Start of DATA RECORDS
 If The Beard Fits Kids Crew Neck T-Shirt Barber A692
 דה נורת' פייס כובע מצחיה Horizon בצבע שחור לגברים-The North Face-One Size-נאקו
End of DATA RECORDS
Start of DATA RECORDS
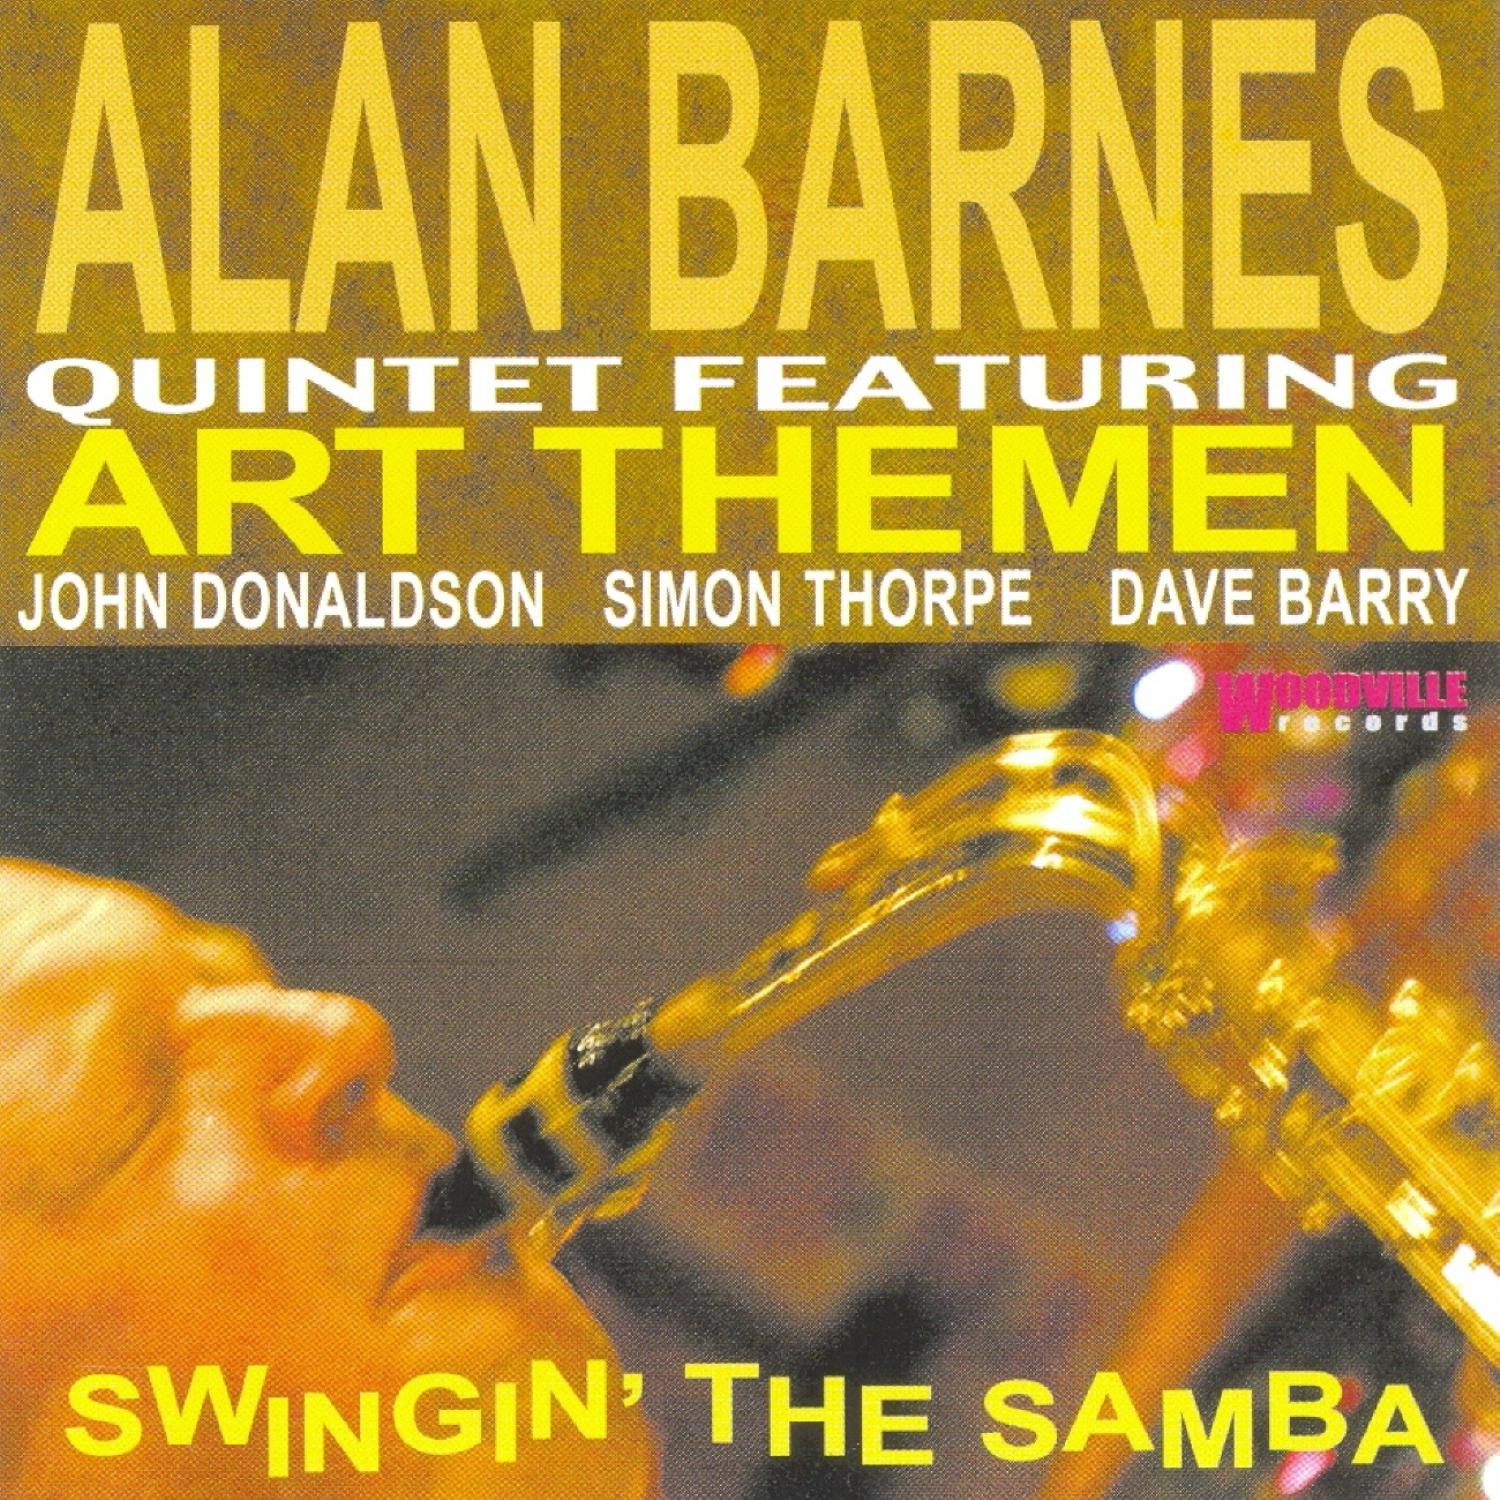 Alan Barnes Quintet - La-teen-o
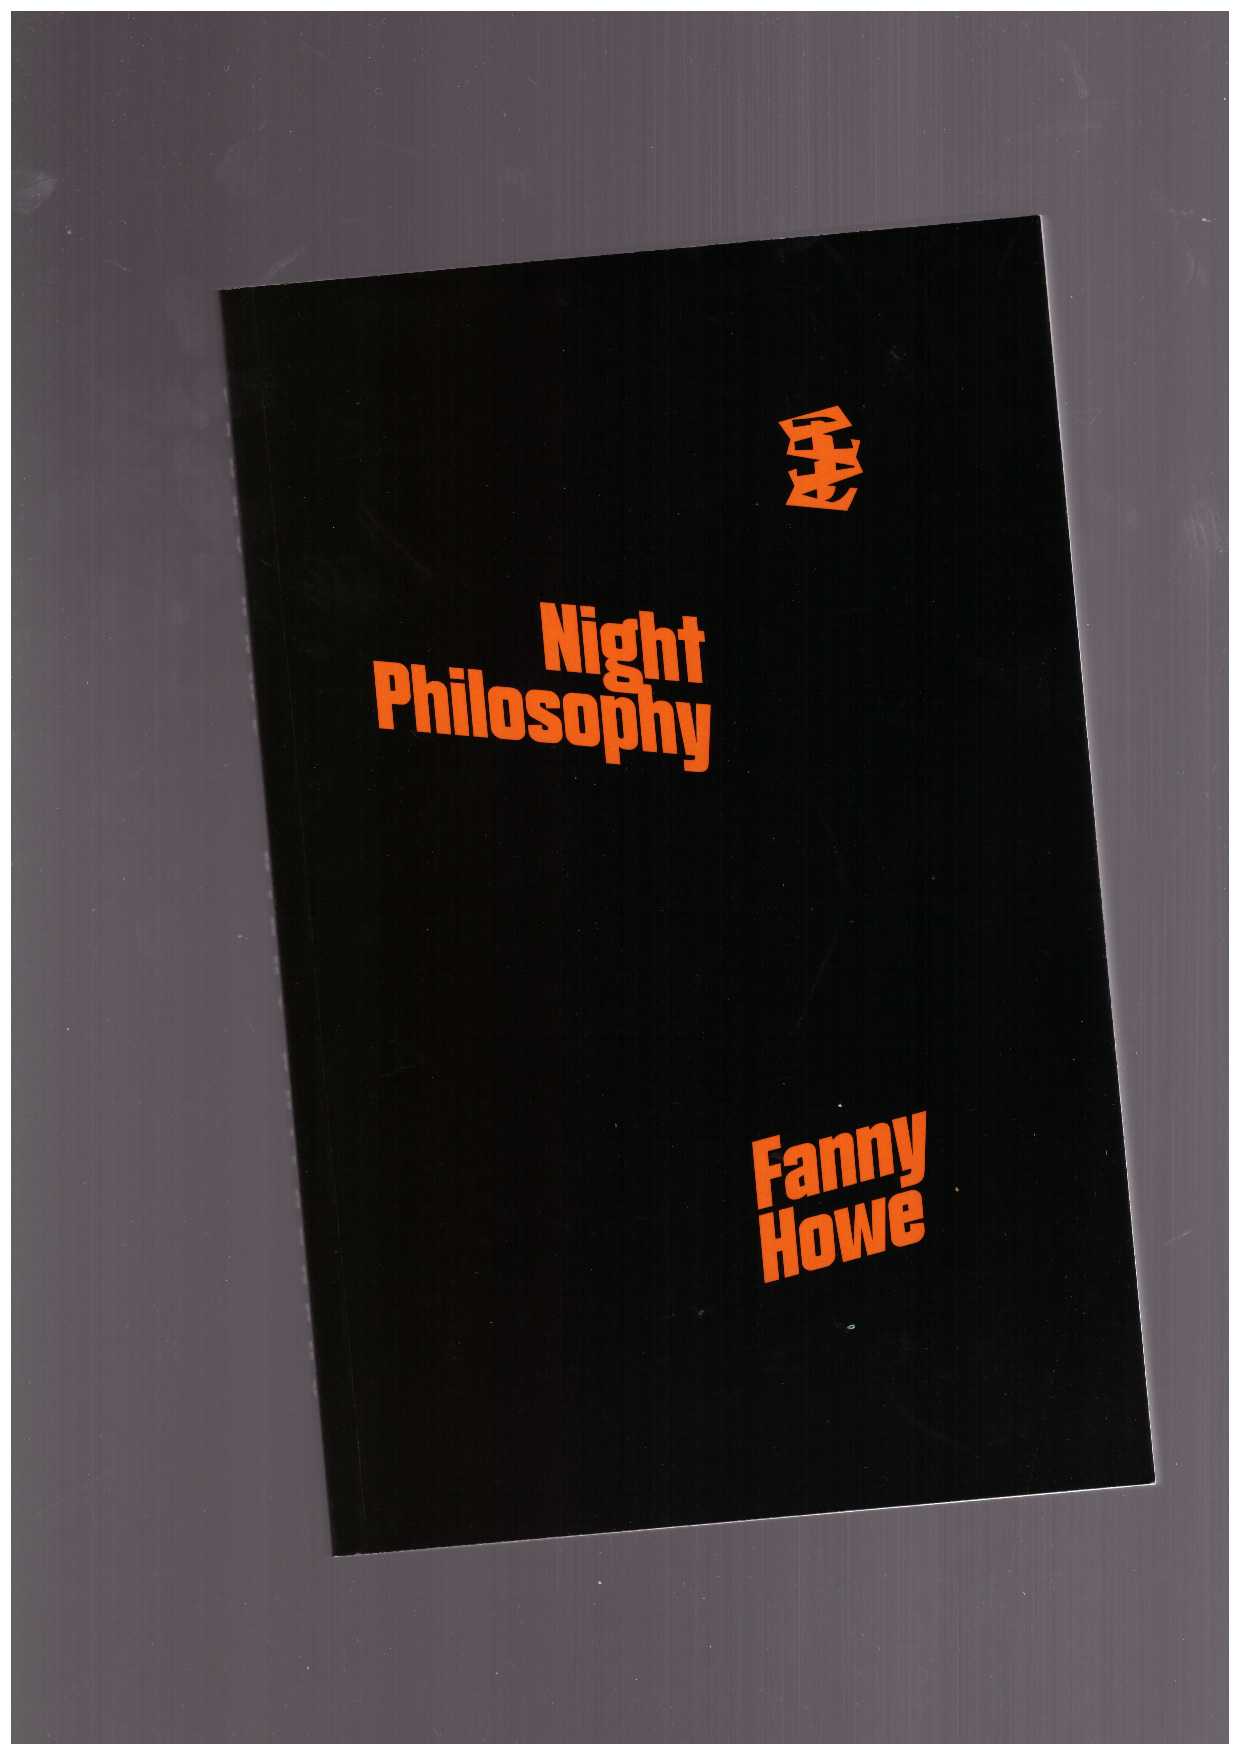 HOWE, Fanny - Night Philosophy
End of DATA RECORDS
Start of DATA RECORDS
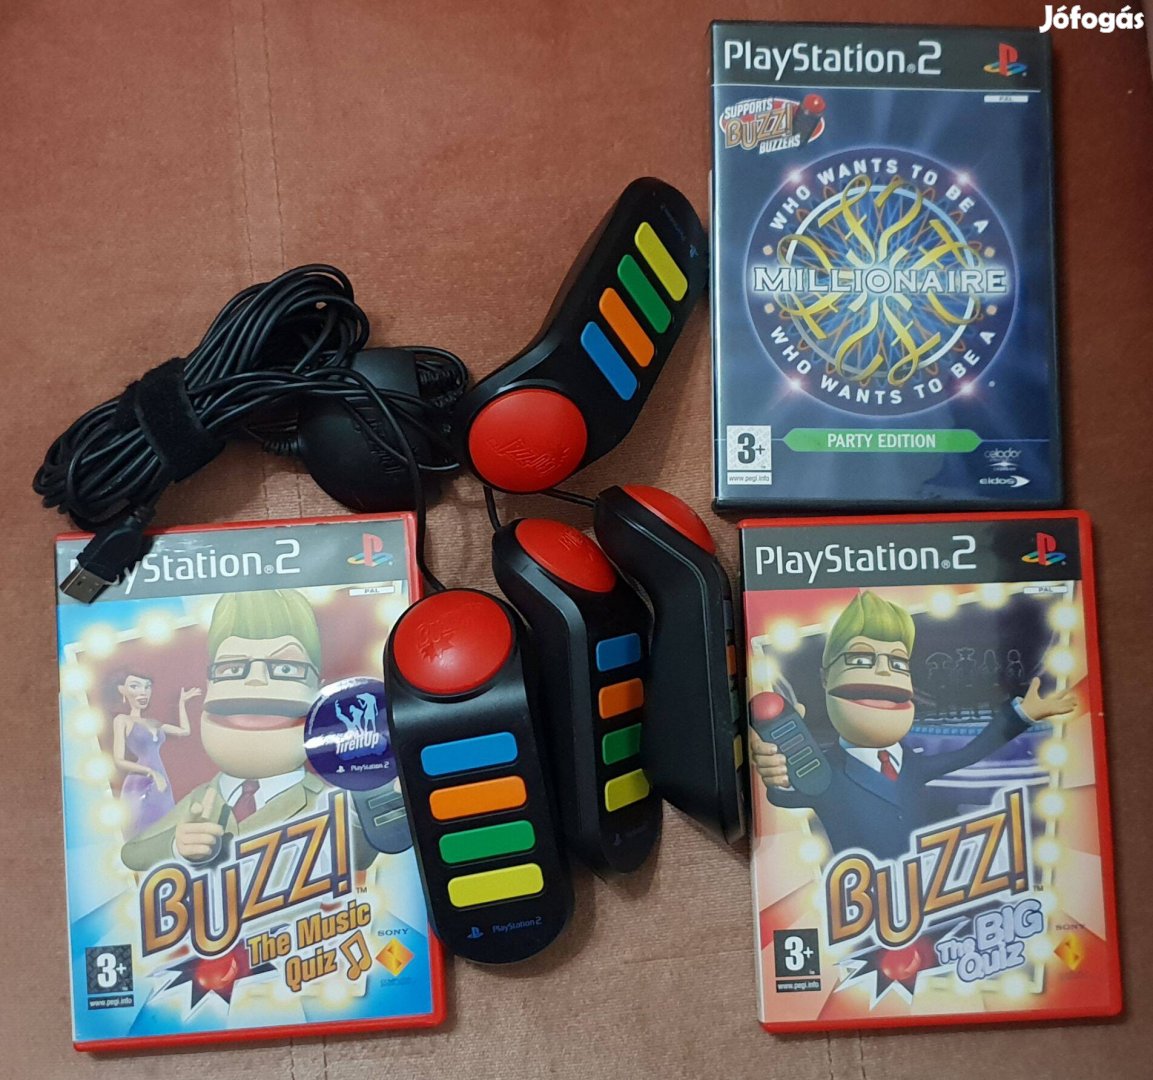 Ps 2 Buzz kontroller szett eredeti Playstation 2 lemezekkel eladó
End of DATA RECORDS
Word for word, write out the lines above running from the one with "Alan Barnes Quintet - La-teen-o" up to and including the one with "HOWE, Fanny - Night Philosophy". Drop any picture.

= WRITTEN RESPONSE =
 Alan Barnes Quintet - La-teen-o
 HOWE, Fanny - Night Philosophy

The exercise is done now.